There are over 13,000 McDonald’s restaurants in the U.S., or about 1 for every 23,000 Americans. But even market penetration this advanced doesn’t mean that McDonald’s is everywhere. Somewhere in South Dakota is the McFarthest Spot, the place in the [continental] U.S. geographically most removed from the nearest McD’s. If you started out from this location, a few miles north of State Highway 20 (which runs latitudinally between Highways 73 in the west and 65 in the east), you’d have to drive 145 miles to get your Big Mac. (If you could fly, however, it’d be only 107 miles).

If you did decide to fly, you’d be contributing to some incredibly congested air traffic, especially if it’s during daylight. See this nifty depiction of 24 hours worth of planes flying the global skies:

Also worth watching is this feat of mapmaking by Senator Al Franken, who from memory composed one of the United States (while taking questions, no less) at the Minnesota State Fair:

Now if he and his comrades could only draw up a health care plan with such facility…

The world according to Flarf

After I posted about the strange poetry of search yesterday, I was happy to receive an email from my friend Alex Davis, a poet and former classmate in the MFA program at University of San Francisco, with some clarification about the realm into which I had stumbled. Turns out there is a whole literary “movement” built on search engine detritus. (Of course there is.) It’s known as Flarf. It dates all the way back to the beginning of the millennium.

Apparently the method of the flarfists “was to mine the Internet with odd search terms and then distill the results into often hilarious and sometimes disturbing poems, plays, and other texts.” This was hardly a new artistic impulse. But its digital extension — a kind of Cut-up 2.0, if you will — certainly seemed to capture the tenor of these times. According to flarf’s Wikipedia entry, “Early or ‘old-school’ flarf is marked by a certain distinctive tonal ‘dialect’: it is often peppered with phrases like ‘aw YEEEAHH,’ intentional typos, mildly offensive language (e.g., childish references to bodily functions), oblique political ’statements,’ and incongruous animal imagery.”

Indeed. Or, as one early practitioner put it, the dominant tenor of flarf could be described as “a kind of corrosive, cute, or cloying awfulness. Wrong. Un-P.C. Out of control. ‘Not okay.’”

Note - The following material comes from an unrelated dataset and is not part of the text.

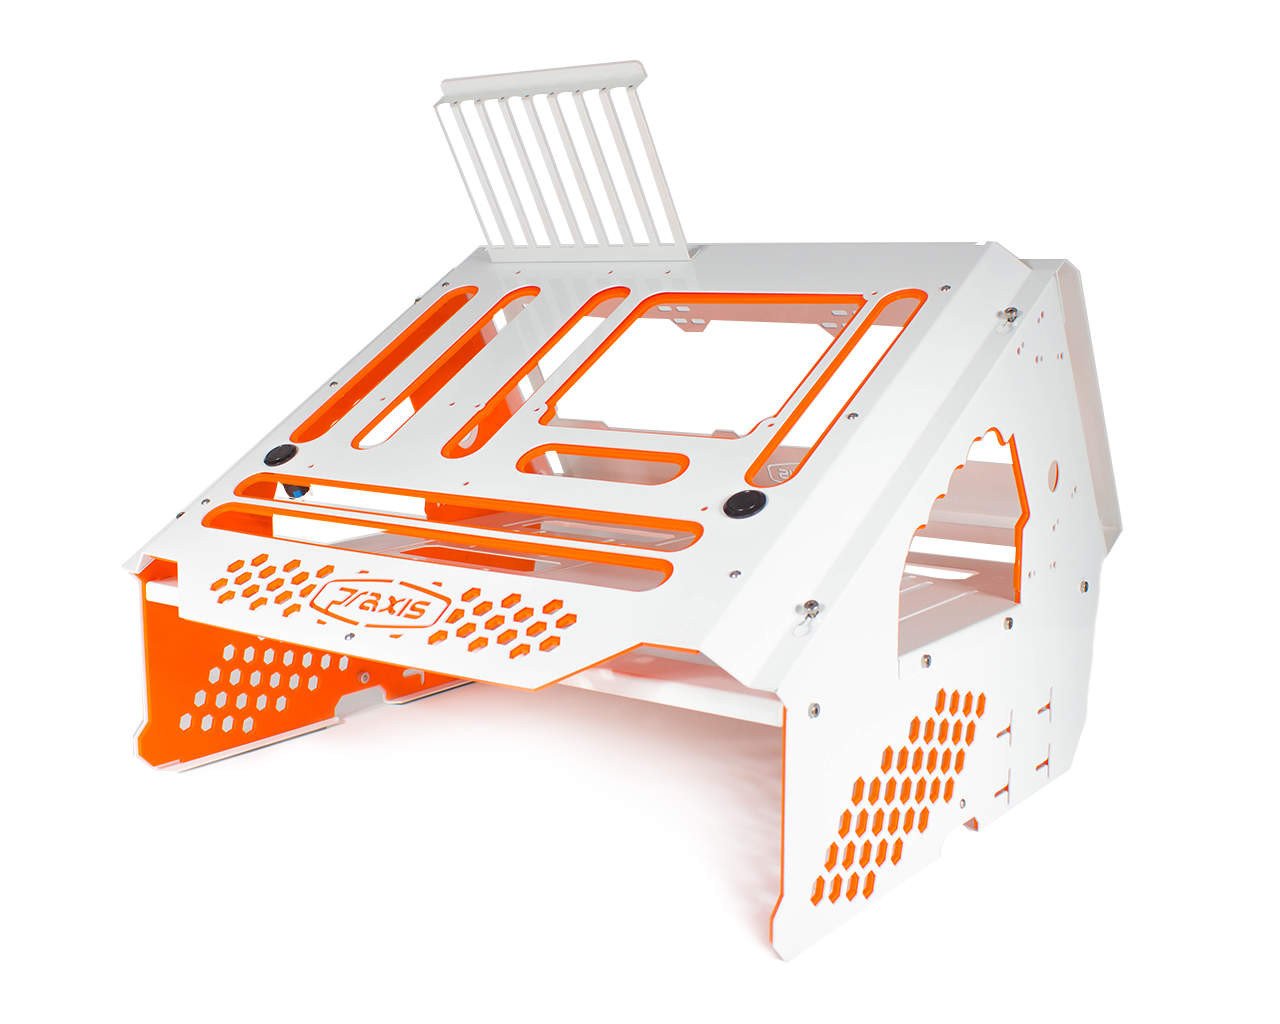 PrimoChill's Praxis Wetbench Powdercoated Steel Modular Open Air Computer Test Bench for Watercooling or Air Cooled Components - PrimoChill - KEEPING IT COOL White w/Solid Orange Accents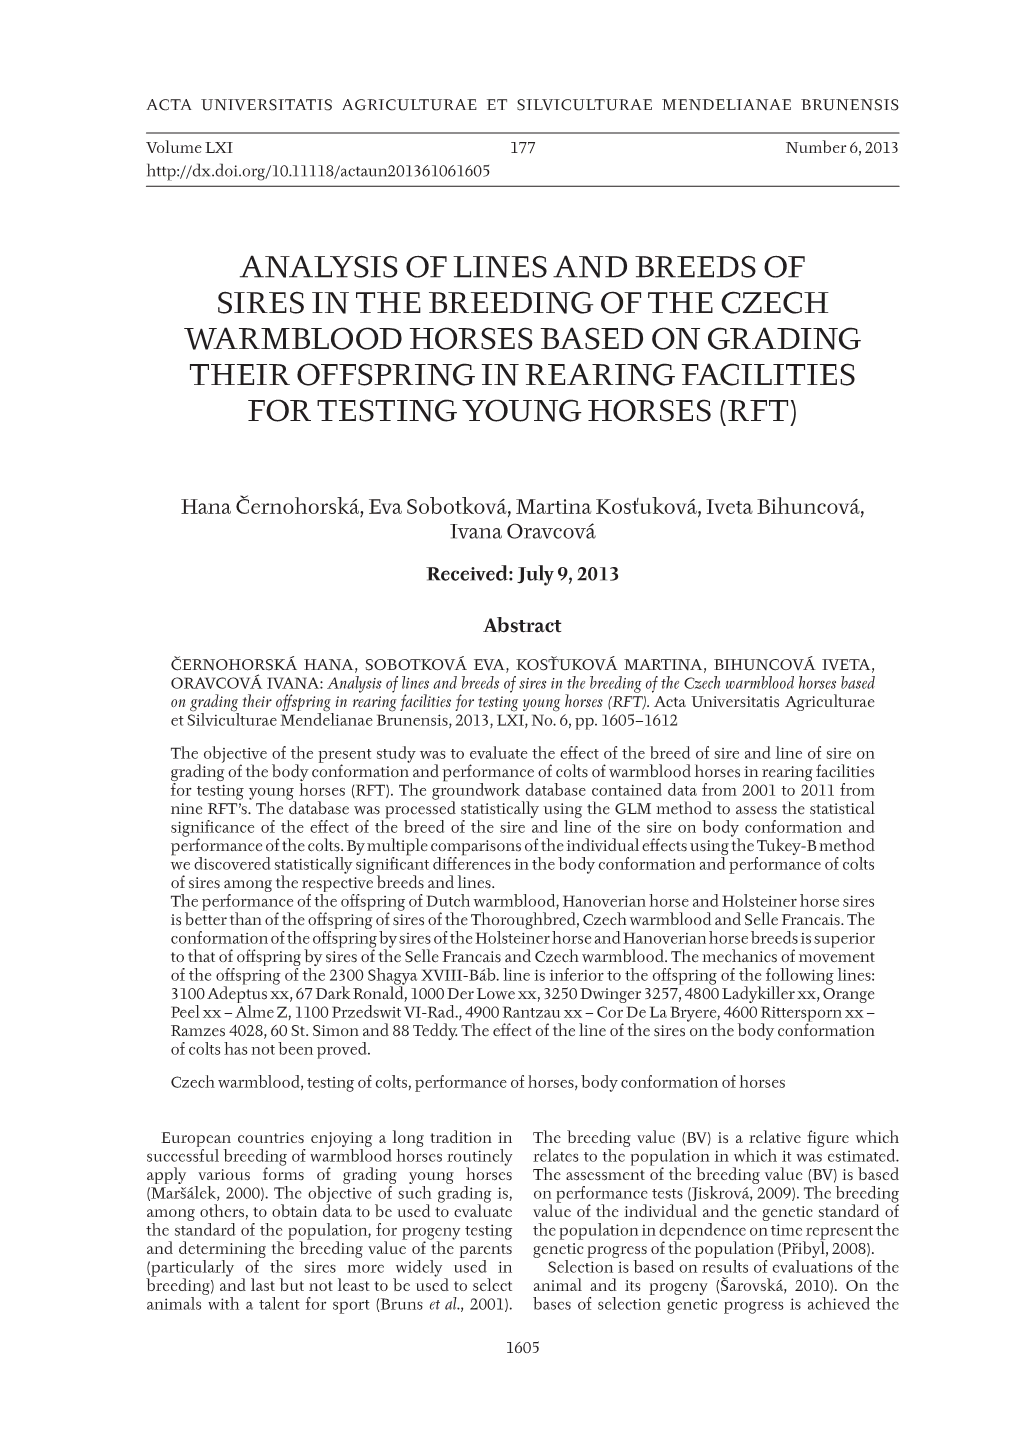 Analysis of Lines and Breeds of Sires in the Breeding of the Czech Warmblood Horses Based on Grading Their Offspring in Rearing Facilities

(Lordy, I don’t really even want to touch the later breaking phenomenon of Twitter poetry: “Situations of stimulation often climax I just cant handle your seed Love is held like hidden treasure – 3:41 PM Aug 16th from web”)

"Eventual Slide" (SwBk, issue 3)But let us leap from the realm of theory. Back in 2006, issue 3 of Switchback, the fine literary publication from USF, featured “The Ways to Switchback,” which made flarfingly grand use of phrases that people had entered into search engines to reach the publication’s site. (The image to the left, featured in that issue, is “Eventual Slide,” by artist Jeremiah Stansbury.) See such points of departure as “japanese toilet noise disguise” and “addicted to picking ear wax” and the essay-inspiring “does a chimpanzee dream?”